Perhaps the most well-known here is David Pajo, the former Slint (and later Zwan and Papa M) guitarist, who brings a distinctly Slintly flavor to the dissonant guitar phrase in album closer “Tonight, The End”. “Tonight” plays out like a Slint song on a corrupted hard drive, with Pajo’s dark licks spiraling away into stuttering percussion, wailing horns, and infinite digital clicks and cuts. It’s clear that the editing process for this record must have been rather arduous. Elsewhere, on “The Sun on 5 at 152”, Mark Lightcap’s minor-major guitar shifts frame the album’s most fragilely deconstructed piece, as the smallest particles of sound are glitched out until they become gorgeous drones. “The Sun” also provides a neat little foreshadowing to Lightcap’s extensive work on 2003’s The Civil War, a record featuring some themes and sounds that overlap with The West.

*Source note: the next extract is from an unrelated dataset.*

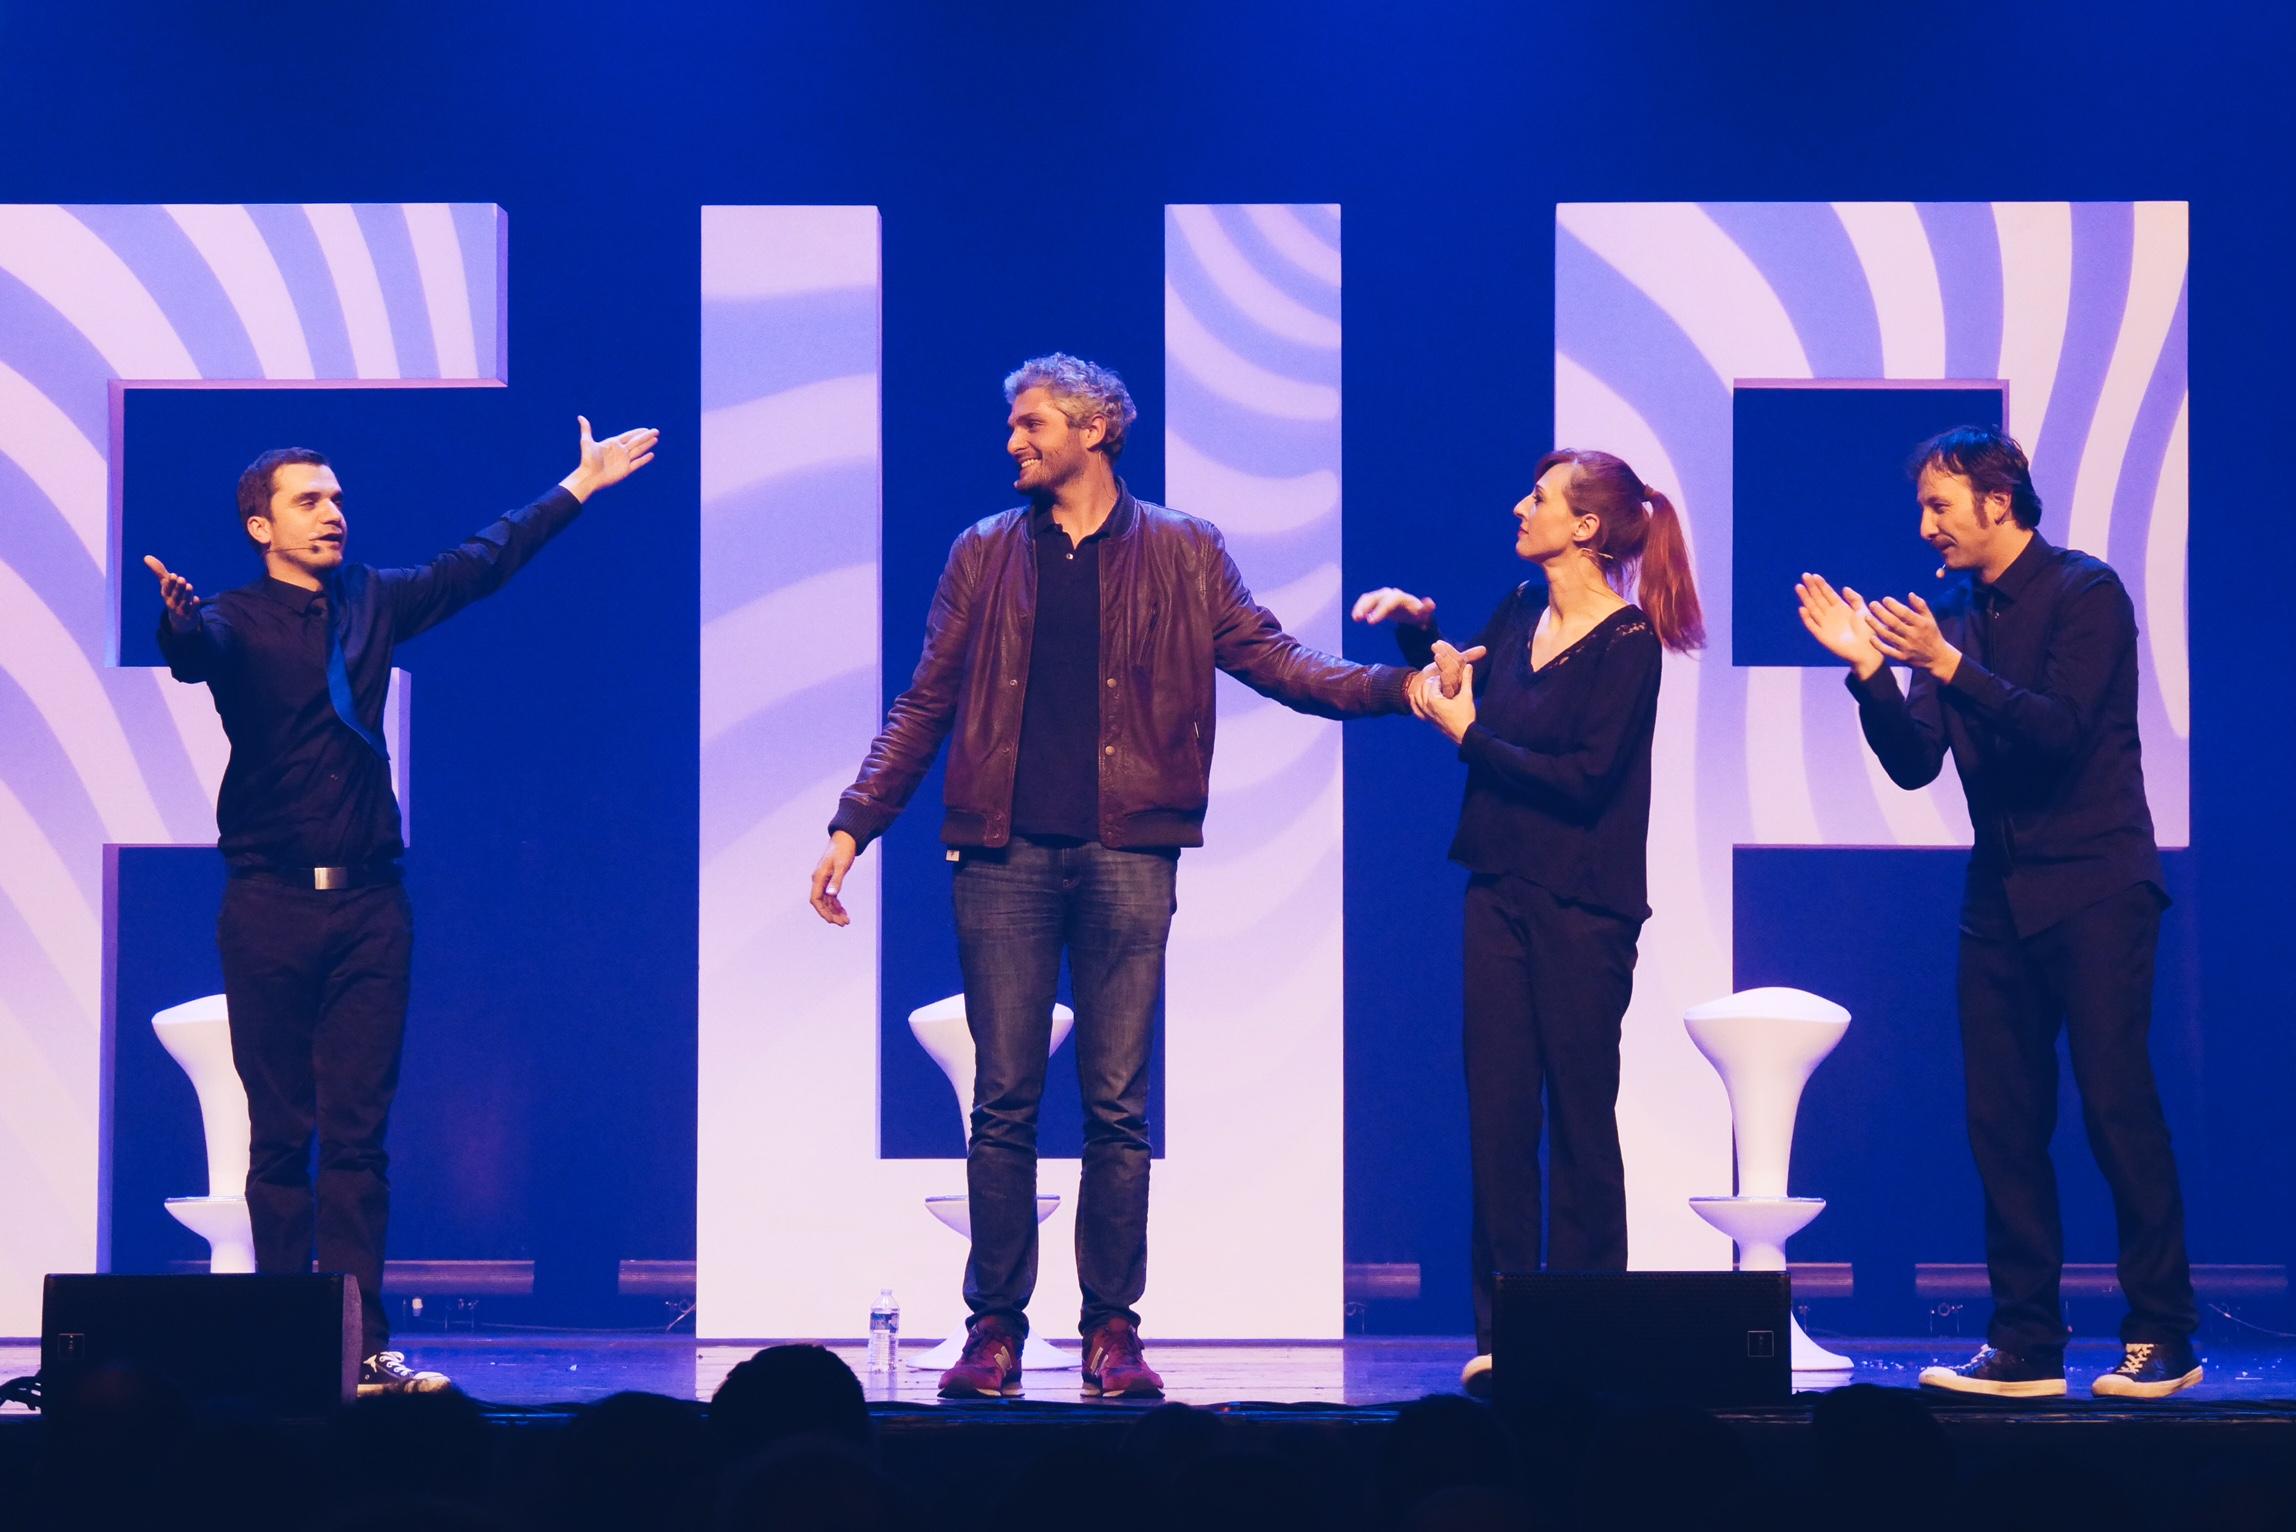 Le-Grand-Showtime-Pierre-Emmanuel-Barré-Julie-Muller-Astien-Bosche-Ludovic-Thievon-spectacle-impro-photo-usofparis-blog
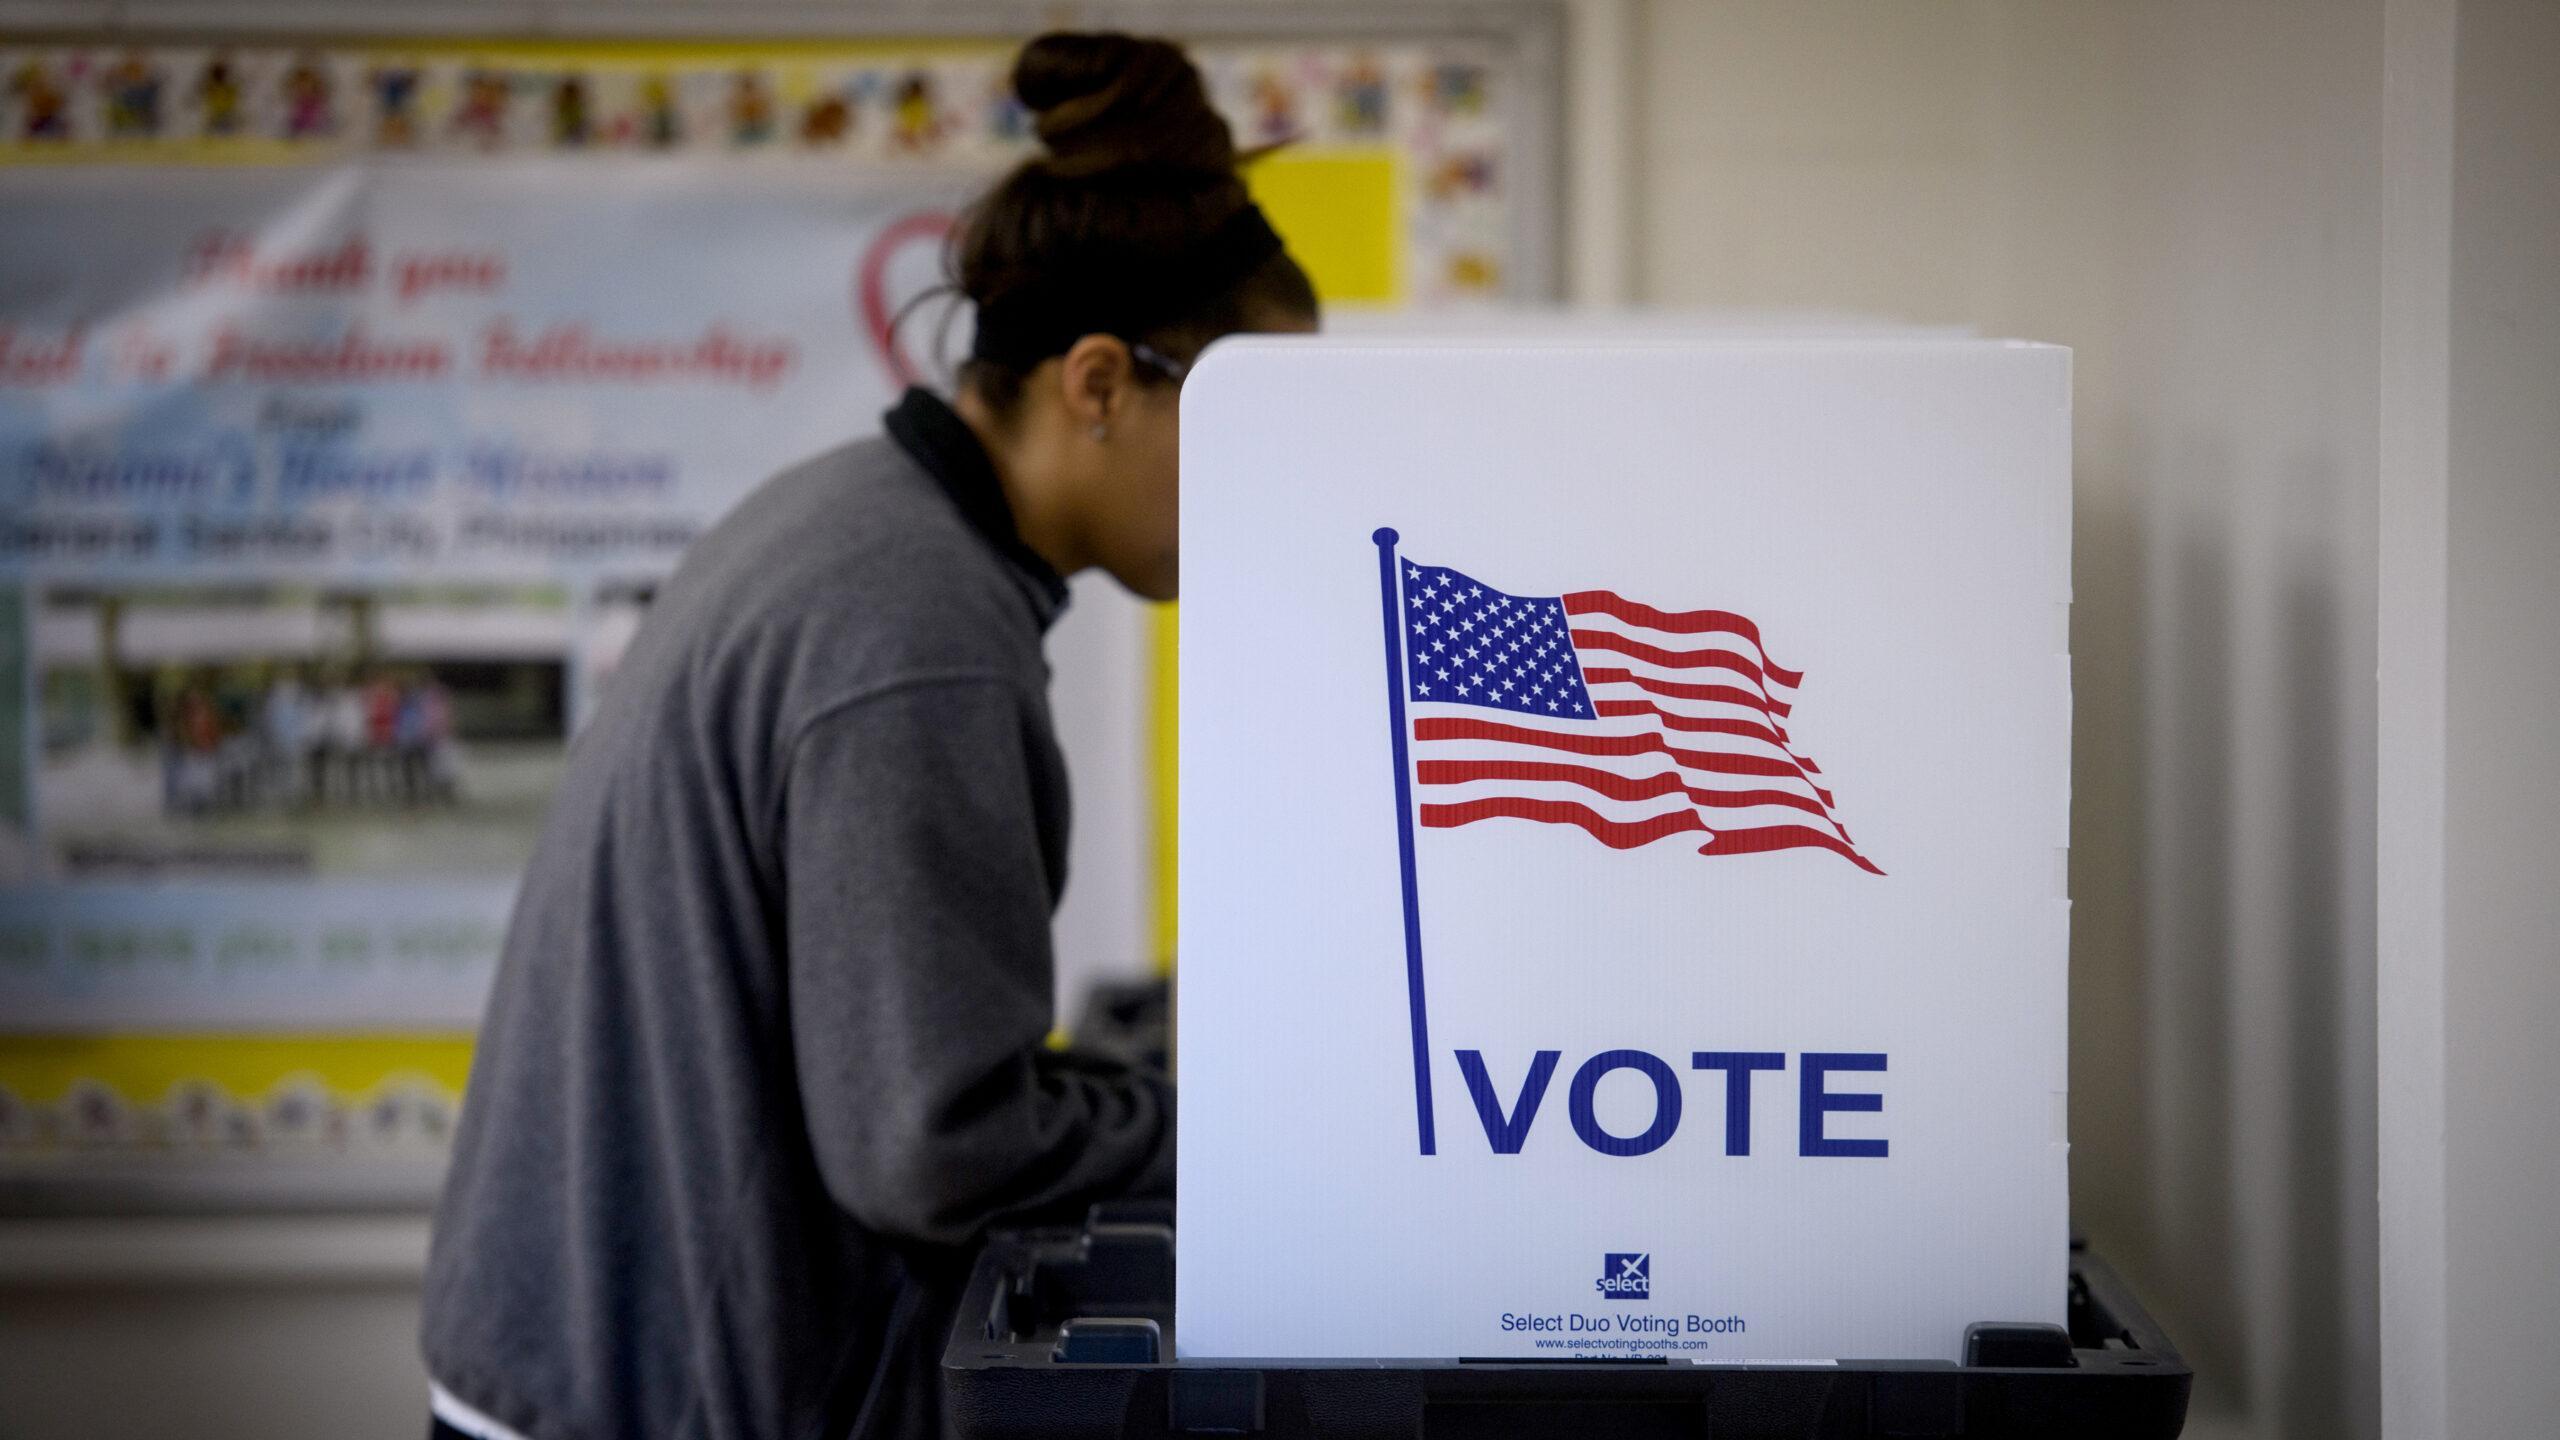 garota votando - saiba quantos delegados tem cada estado nos eua eleições 2020

The unique collaborators on this album make it one-of-a-kind, while its merger of the past, present, and future conceptions of music (clashing folk, a genre lent to purism and tradition, with radically futuristic electronics and digital edits) freeze it in timelessness. It’s been 10 years since The West was first released, and it’d be a lie to say that nothing else has sounded like it in the years since. But few acts have rivaled the sound captured here, perfectly sequenced at five essential tracks. Matmos have had more visible albums over the rest of their career, but The West, certainly their most stylistically consistent, once again makes a good run for one of their best.